Are there plenty of kind and single folks out in the world? Absolutely!
But can we stumble upon all of them in real life by chance? Highly unlikely!
Then why not use dating apps to boost our chances of making connections, right? 😏
Here’s the lowdown: dating apps can help you connect with people beyond your usual network – those living in different cities, countries, or even continents, with different races and backgrounds. They could work in different job fields, represent diverse cultures, and occupy different social positions.
Sure, you could randomly meet a cutie at a coffee shop. You both might not have any mutual friends or prior connections. I’m not suggesting that only by using apps can you meet people outside your network.
What I mean is, dating apps create much more favorable conditions for that. Every coffee outing might result in meeting one person at best, but with dating apps, well, it’s a different story.
#2. Learn About Your Potential Matches Even Before Starting a Conversation
Hehe, here comes a major advantage. Let’s go back to the example of approaching a cutie at the coffee shop from the previous section.
You absolutely can approach potential matches outside your network without a dating app. But can you know:
- How old she is
- What job she’s doing
- If she is currently single and available
- If she is looking for a serious relationship
Right from the first few greetings?
You might, but then it’s unlikely to go beyond that 😅 No smart guy would bombard someone with a barrage of questions right after initiating a conversation.
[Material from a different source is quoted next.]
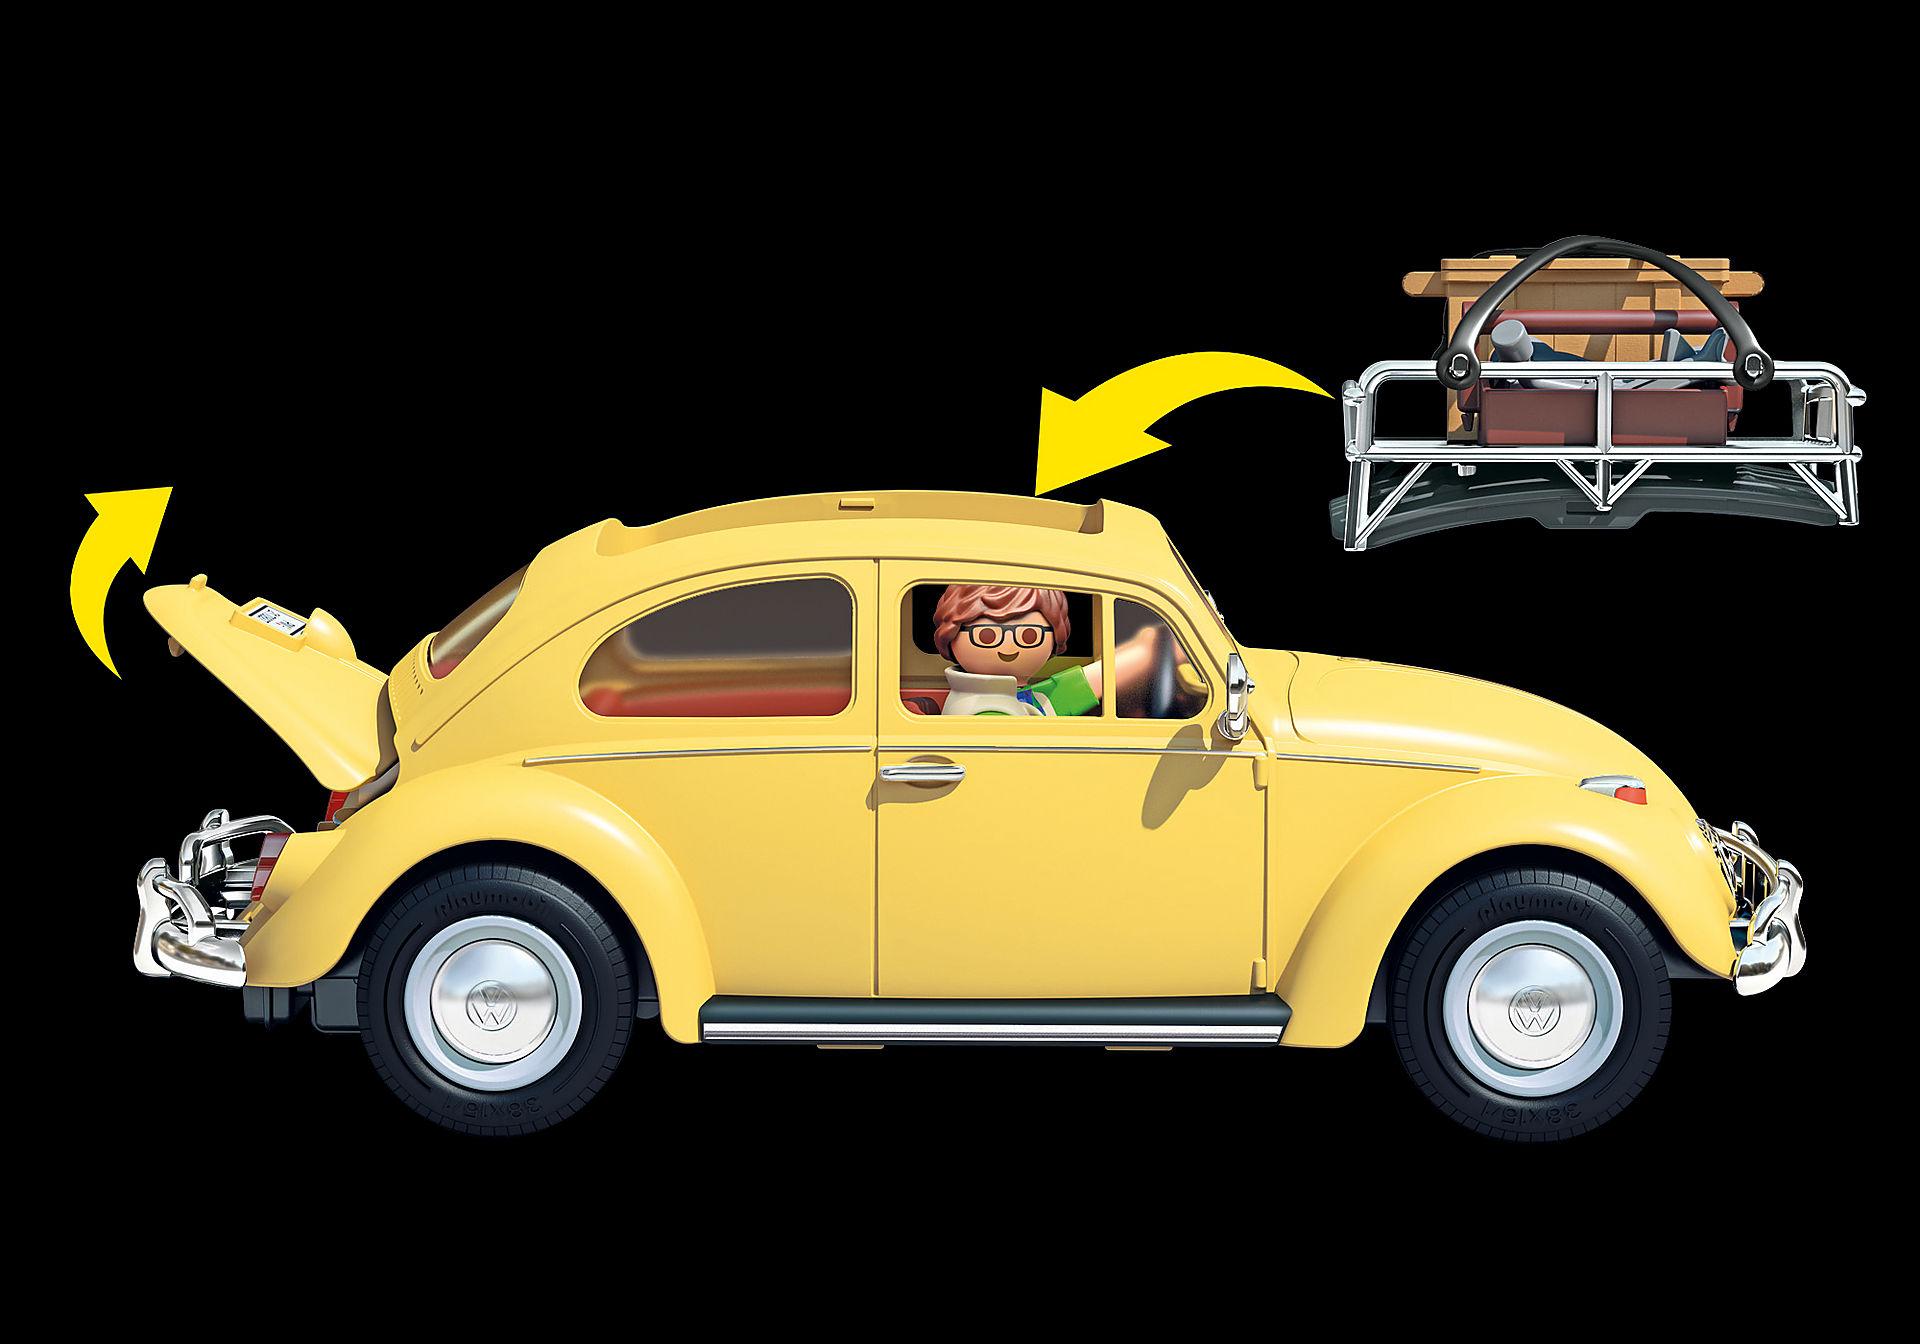 70827 Volkswagen Beetle - Edição especial zoom image5

But with a dating app, that’s pretty normal.
The whole point of a dating app is to provide you with basic information about the other person before you even start talking to them. You can learn a lot about them from the get-go. And you can also share a lot about yourself right from the start.
Now let’s break it down with a relatable example.
Picture this: you’re a single mom in search of a committed relationship. In the real world, spilling such personal details to a new acquaintance can be quite tricky. But, on dating apps, you can smoothly avoid awkward situations like that. Because when someone matches with you on a dating app, you can be sure of two things:
- One, they already know about your situation through what you’ve shared on your profile.
- Two, even knowing that, they still swiped right on you, indicating they’re interested in connecting and learning more about you.
There’s a catch here, though. The info on dating apps isn’t always accurate. People can lie about their age, marital status, job, you name it. But hey, they can do that in real life too. So, the issue of misinformation is more about human nature; let’s not put all the blame on the dating app!
#3. Making the Dating Process More Approachable, Especially for Shy Introverts
Breaking the ice in real life requires confidence, guts, and some hands-on experience. Whether you’re a guy or a girl, you’ve probably felt this kind of pressure, right? For the more introverted or shy types, striking up conversations and making friends in real life can be a bit of a hurdle.
This is where dating apps come in, creating a more relaxed and chill space for making connections.
No need to face the immediate pressure of a live conversation. Instead, we get time to craft, tweak, and shoot off those opening lines through dating apps. And when they hit us back, we’ve got room to ponder our response without worrying they’ll catch onto our quirks or awkward vibes.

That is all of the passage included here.